During a meeting held in Trento, Italy in March 2017, and organised by the COST Action CHIP ME (IS1303) to discuss about ELSI of genome-editing (see here), many different positions emerged on the possibility to intervene on reproduction and especially on the human embryo. The Nuffield Council on Bioethics report ‘Genome editing: an ethical review’ and the report by the National Academy of Sciences and National Academy of Medicine ‘Human Genome Editing: Science, Ethics and Governance’ were commented on and, as expected among a mix of ethicists, scientists and lawyers, many different views and perceptions of the same passages arose. We considered it especially relevant to improve a public debate about these topics and to foster a wider participation in discussion, in order to verify how the different moral opinions, cultural interpretations and social and political views can bring us to different conclusions and to help to build a wider consensus towards future practical applications of these new, promising techniques. An involvement through ICT is a good system to involve people, but consensus conferences can be useful too, at this stage of the discussion. Citizens science invites one to move in this direction in order to transfer knowledge in a more democratic, value-sensitive and sustainable way.
Overall, gene editing should not be regulated autonomously. Rather, some of its potential uses should be regulated under general existing frameworks and by reference to the existing technologies and techniques which it is replacing. Such will be the case whether we are debating reproductive interventions, genetic therapy, interventions without therapeutic aims, or even gene editing of plants and animal populations. In that regard, it can be assumed that blanket bans on some applications of gene editing are inefficient. Theoretical research and experimentation will tend to relocate to more permissive jurisdictions. Most likely, moratoria will open the way to actors with overwhelming market power to eventually step in pressuring for favourable regulations. Moreover, moratoria could be even counterproductive, due to a simple fact. A technology that is so cheap and easy to use cannot be easily monitored. This means that researchers could avoid it quite easily. In such a scenario, the probability of a man-made disaster (accidental or not) is extremely high. And if it happens, we would have to deal with only on the basis of an outdated scientific knowledge. Thus, in terms of risk prevention, moratoria would not be an advisable approach.

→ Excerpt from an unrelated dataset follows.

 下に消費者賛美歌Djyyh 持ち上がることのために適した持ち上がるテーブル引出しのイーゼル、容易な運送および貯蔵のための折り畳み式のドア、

Law and Ethics are separate but intersecting normative systems. Transforming moral principles into legal norms is useful to ensure moral conformity. Legal norms have also a pedagogic effect. However, transposing moral principles into law has to be carefully considered and accessed within the framework of fundamental rights. Such is particularly important in areas such as reproductive technologies and genetic interventions were personal autonomy and human dignity may collide. Legal norms may be necessary to prevent and regulate unwanted uses of technology. However, flexibilities are necessary and legal norms should be interpreted by reference to the advances in science.

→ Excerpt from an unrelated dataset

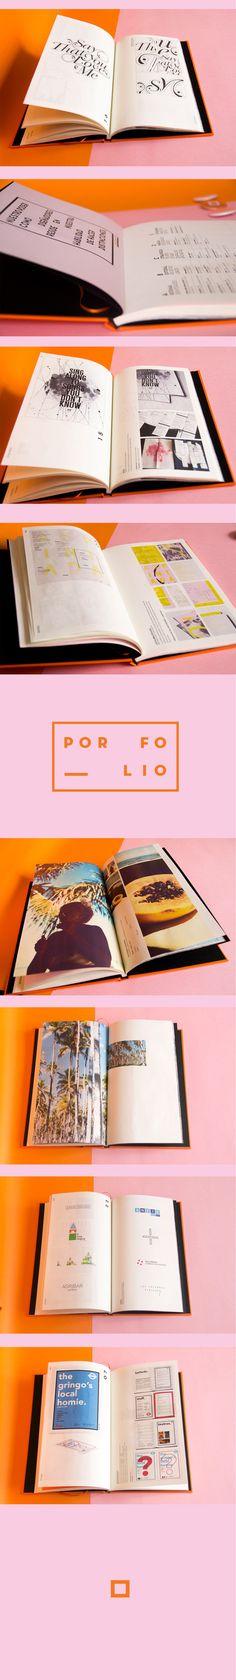 Self promotion LUC DG by Lucía Izco, via Behance

A Bio-Law framework in international and national legislation is already established, and is based to a wide extent on a notion of human genes as humanity’s common heritage. This legal concept and its linkage with human dignity requires further legal consideration and should not be interpreted literally. International texts clearly defend diversity and the fundamental importance of social and cultural elements. It has also been recognized that epigenetic effects are relevant and that the human species have not ceased to evolve. In the context of gene editing, human dignity should not be understood as equivalent to preserving a (legal) fiction of static biological identity. A more useful regulatory framework should focus on drawing balanced boundaries and establishing guidelines for the exercise of autonomous informed personal choices vis à vis their wider social implications.

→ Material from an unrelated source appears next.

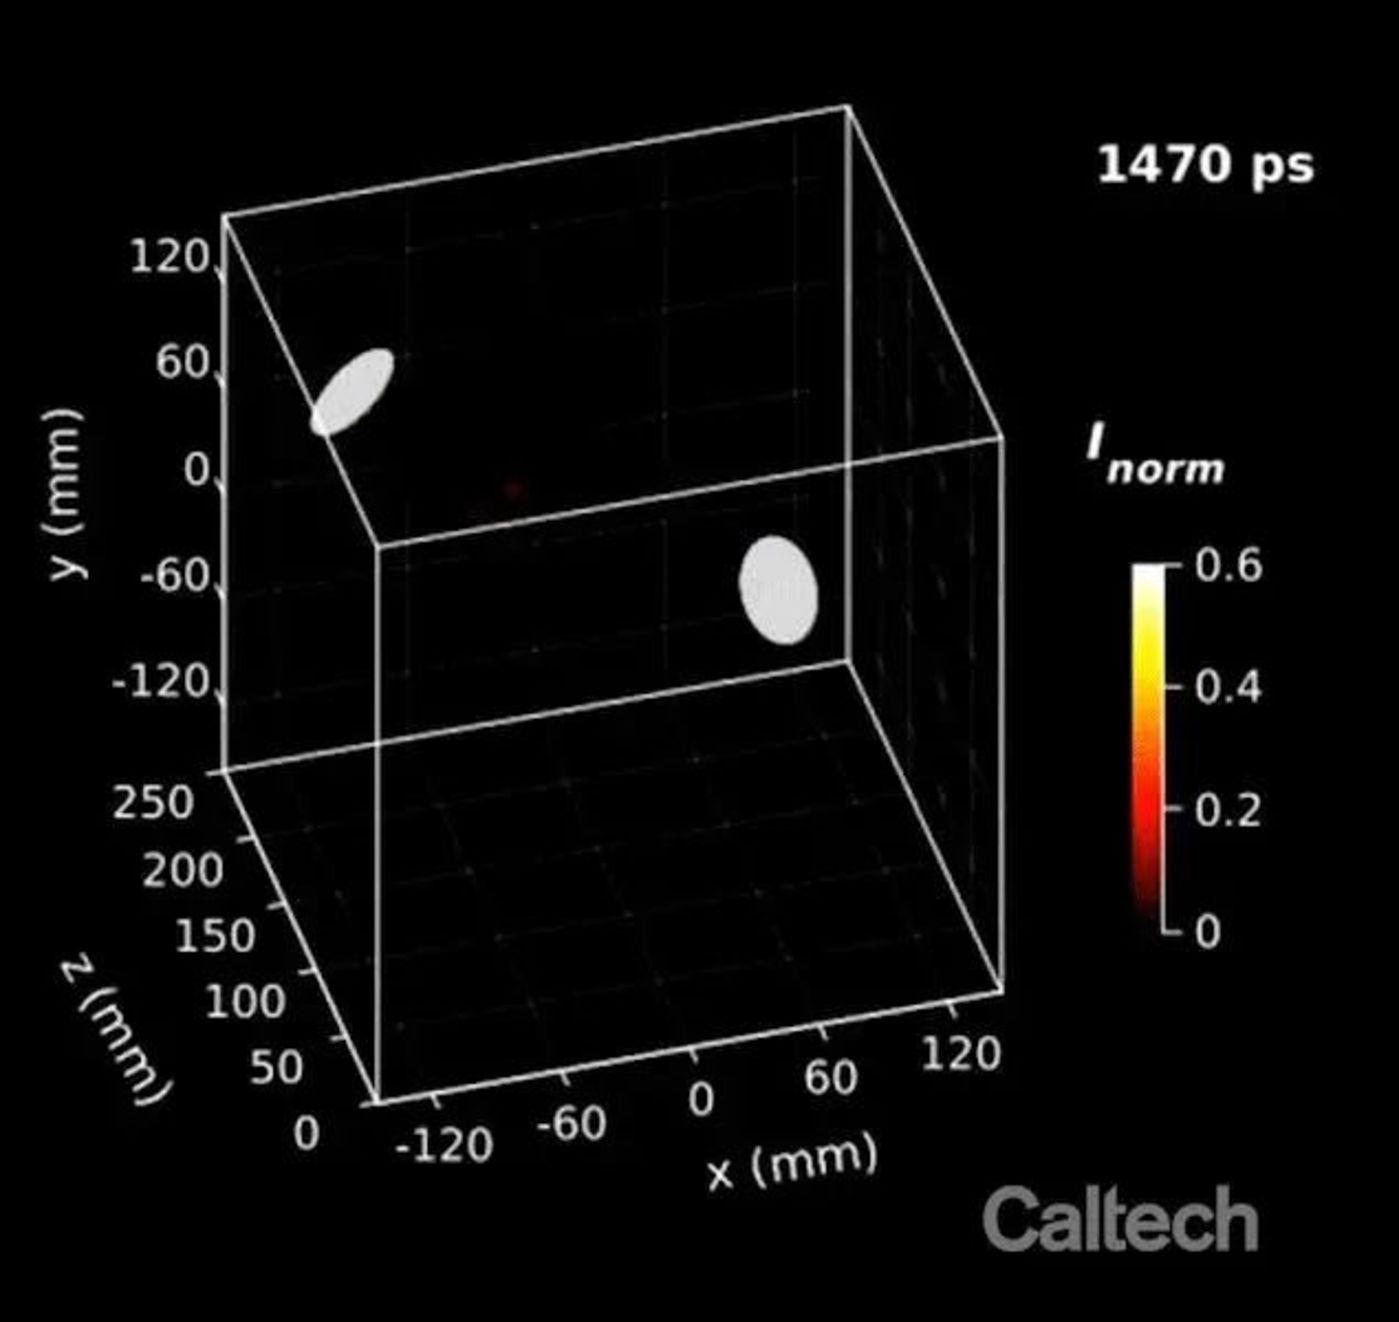 图 3D 视频显示激光脉冲穿过激光散射介质并从反射表面反射回来(来源:加州理工学院)

Law and regulations should address ethical considerations. In this sense, reasonable precaution will remain necessary to address uncertainties without tying up normative choices to scientific unknowns. Safety issues of emerging technology for intervention in the human body can be tackled by individual (and collective) risk versus benefit assessment, guiding and underlining autonomous and informed decisions. General safety rules concerning testing on human subjects, clinical use of experimental procedures, clinical trials, product safety and environmental protection can adapt to technological progress. In sum, we submit that regulations should be imbued with flexibility while preserving their preventive and precautionary function.
Ethical evaluations of emerging technology, such as gene editing, will increasingly have to address ‘dual-use’ dilemmas. For this reason, regulatory approaches should focus on specific uses, aims and end results and not on a given technology. This also concurs with the European Academies Science Advisory Council report (2017) ‘Genome editing: scientific opportunities, public interests and policy options in the European Union’ where they conclude that policy considerations should be based on the potential applications of the technology, rather than on the new technology itself. Gene-editing promises a large number of distinct applications, some more controversial than others. Blanket prohibitions and moratoria do not serve the best interests of society. At the current stage, the preferable route rests in specific ethical evaluation at each stage of research and technology use, accompanied by upfront embedding of dedicated research into the ethical, legal and social implications of the underlying bioscience research.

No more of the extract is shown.